Dear Senator:
On behalf of the 64 affiliate unions and the 15 million working people represented by the AFL-CIO, I am writing to urge you not to support the American Franchise Act (H.R. 5267) or any Senate companion bill should it be introduced. We oppose this legislation because it undermines workers’ rights to good faith bargaining and the effective enforcement of their rights under the National Labor Relations Act and the Fair Labor Standards Act.
By narrowly defining a franchisor as a “joint employer” only when it has direct, hands-on control over workers’ pay, hiring, firing, or scheduling, this bill ignores the many ways franchisors effectively control day-to-day conditions through policies, software, operational rules, and brand standards they impose on franchisees.

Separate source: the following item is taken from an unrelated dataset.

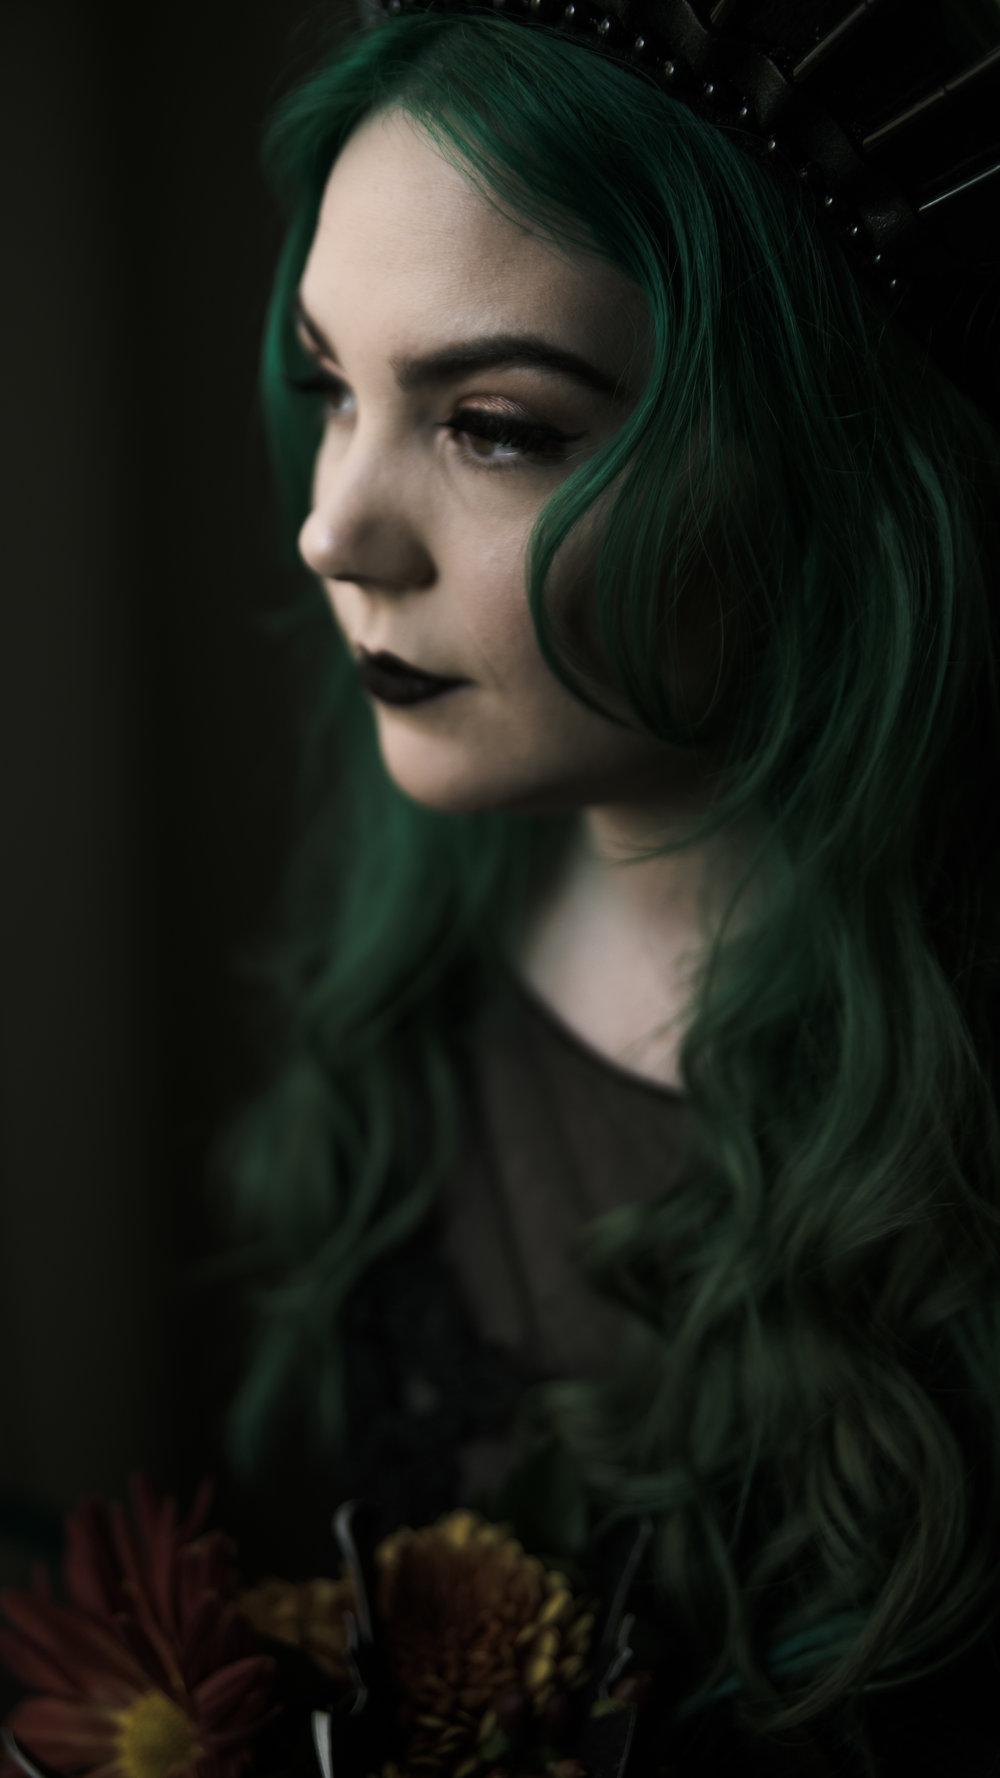 Britney Window 1 (16x9) - Dark Doll Style_.jpg

For example, a franchisor may impose rules on its franchisee related to operating hours and staffing levels. These rules can have a direct impact on workers’ hours and working conditions. If the employees exercise their right to bargain over hours and working conditions, good faith bargaining requires the party or parties with the authority to change those terms to show up. The American Franchise Act would shield the franchisor from that fundamental obligation, leaving the small-business franchisee holding the bag with their hands tied by the franchisor’s rules and requirements. The same franchisor-imposed rules could also lead to workers not being paid minimum wages or overtime pay. The American Franchise Act would shield the franchisor from the liability created by its own rules, leaving the small-business franchisee exclusively responsible for backpay, damages, and penalties. In sum, this bill protects corporate parents’ right to effectively control while ensuring the consequences of that control are the responsibility of the franchisee, all at the expense of workers’ rights.
In practice, the bill’s narrow “direct and immediate control” test does not reflect how power actually operates in franchise relationships and would shield franchisors from accountability even when they shape the working conditions that lead to violations or impose rules that limit the freedom to bargain.
For these reasons, we urge you to decline any request to cosponsor this legislation. We would be happy to discuss this with you further, so please let us know if you would like a briefing on the harm this bill would pose to workers and to collective bargaining rights.